I'm writing an authentication back end to work with our home-made authentication system. It *almost* works.
I'm using trustExternal, and after the user name and password are validated, I have some code that looks like this:
if ($returnvalue == 200) {
$userdata = json_decode($result);
$USERINFO['name'] = utf8_encode($userdata->fname . ' ' . $userdata->lname);
$USERINFO['mail'] = $userdata->email;
$USERINFO['grps'] = array('user');
$_SERVER['REMOTE_USER'] = $userdata->gemsid;
$_SESSION[DOKU_COOKIE]['auth']['user'] = $userdata->gemsid;
$_SESSION[DOKU_COOKIE]['auth']['info'] = $USERINFO;
return true;
} else {
auth_logoff();
msg($lang['badlogin'],-1);
return false;
}
The problem I have is that after the user provides the correct user name and password, he's redirected to the login page along with the message "Sorry, you don't have enough rights to continue. Perhaps you forgot to log in?" He does *not* see the badlogin message, and I know from our authentication server that the user name and password were successfully authenticated.

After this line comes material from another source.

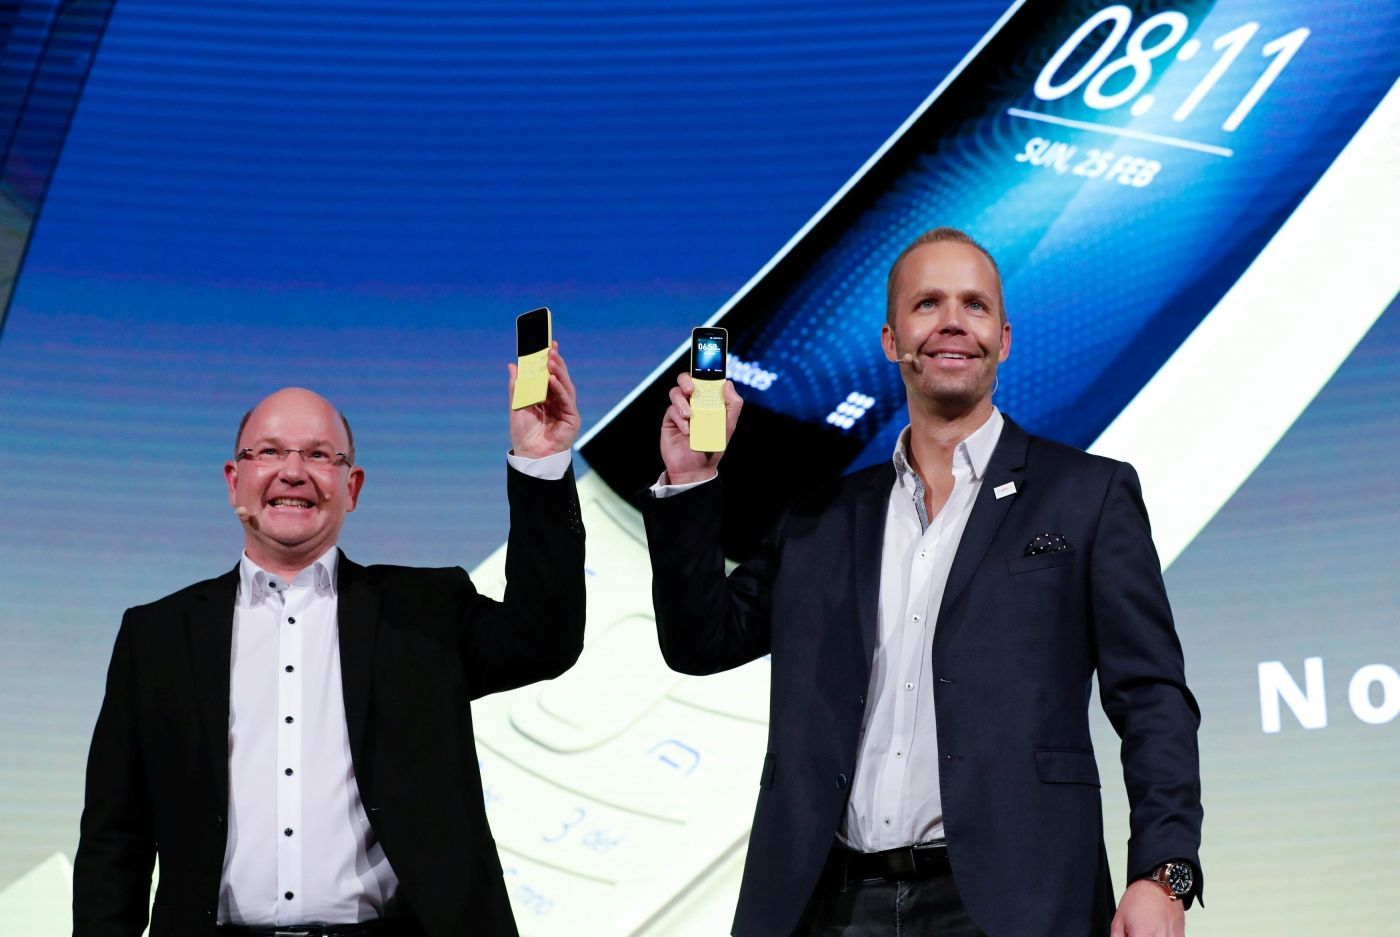 Florian Seiche a Juho Sarvikas představují telefon Nokia 8110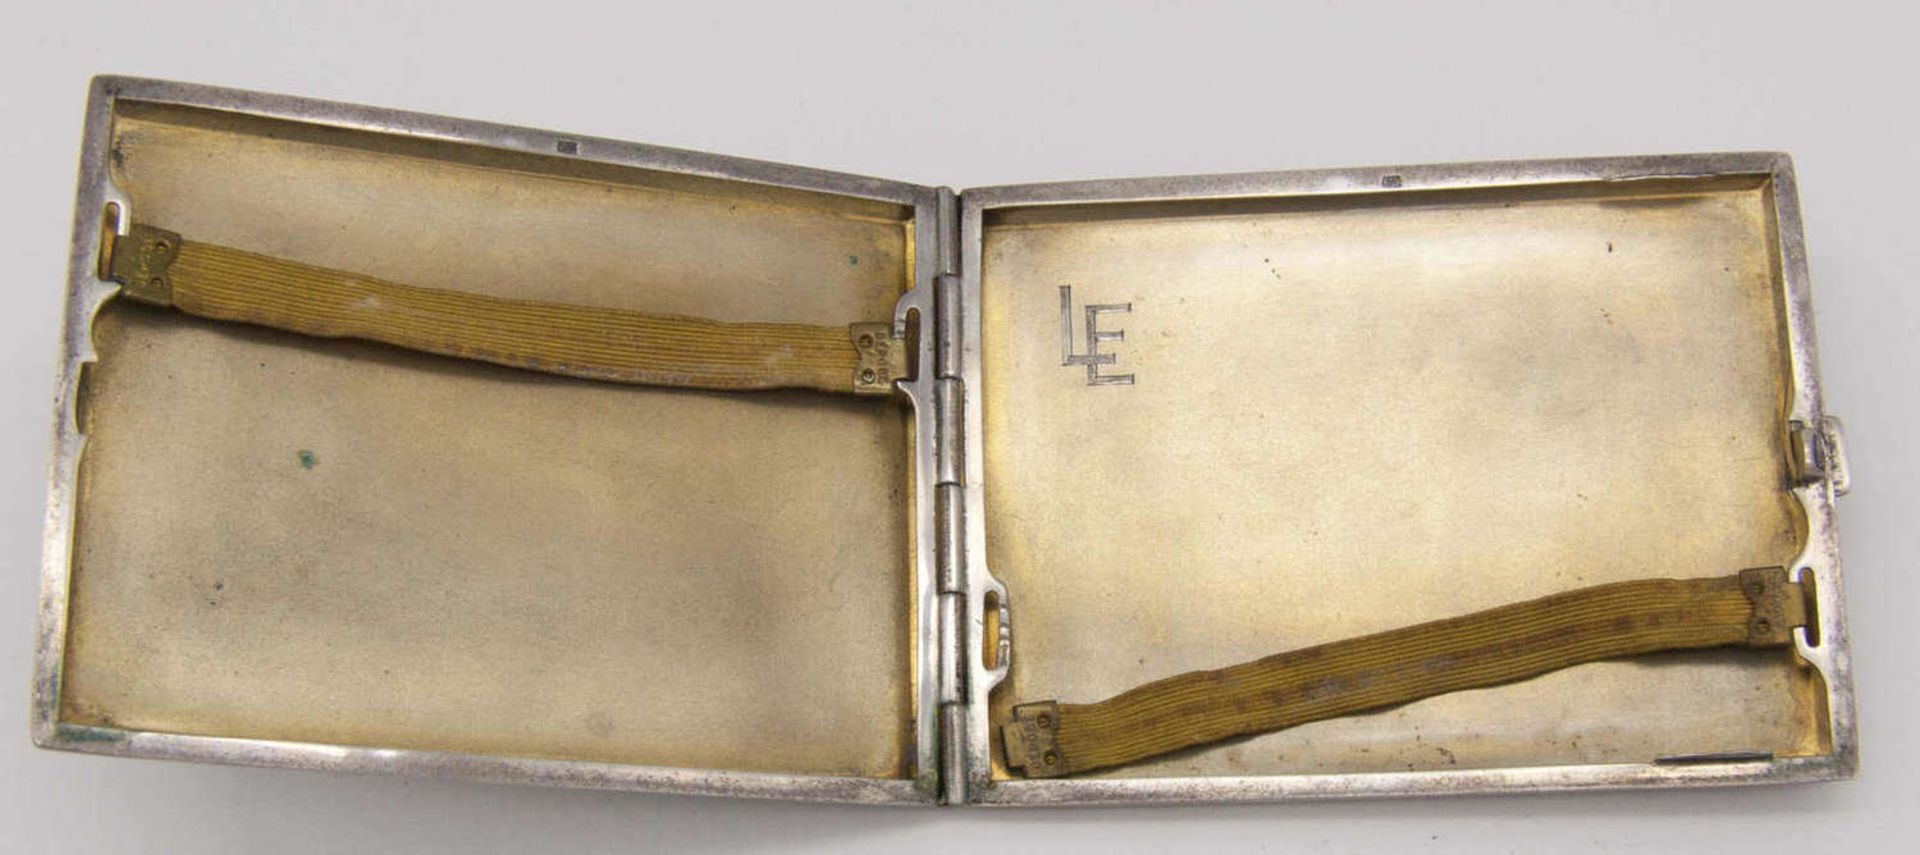 Altes Zigaretten - Etui, Silber 800 (gepunzt). Innen Gravur "LE". Gewicht: ca. 121,3 g.Old cigarette - Bild 2 aus 2

The odd thing is that if I provide a bogus group for the user, i.e. I change the code to:
$USERINFO['grps'] = array('kjhjkasdio');
then the user is logged in successfully (he isn't redirected to the login page), except that he can't do anything because he's not a member of a valid group. He also sees the "Sorry, you don't have enough rights..." message, but now he's actually been logged in, where he wasn't when I provided an actual valid group. I can see that $USERINFO has been set successfully because his real name and username are displayed on the page.
If I switch to auth_plain and the user is in the 'user' group, then all is well. But with my own auth code, I can only log someone in if I provide a bogus group, and then he doesn't have permission to do anything.
Is there something blindingly obvious that I'm doing wrong? Is there something I'm not setting that needs setting?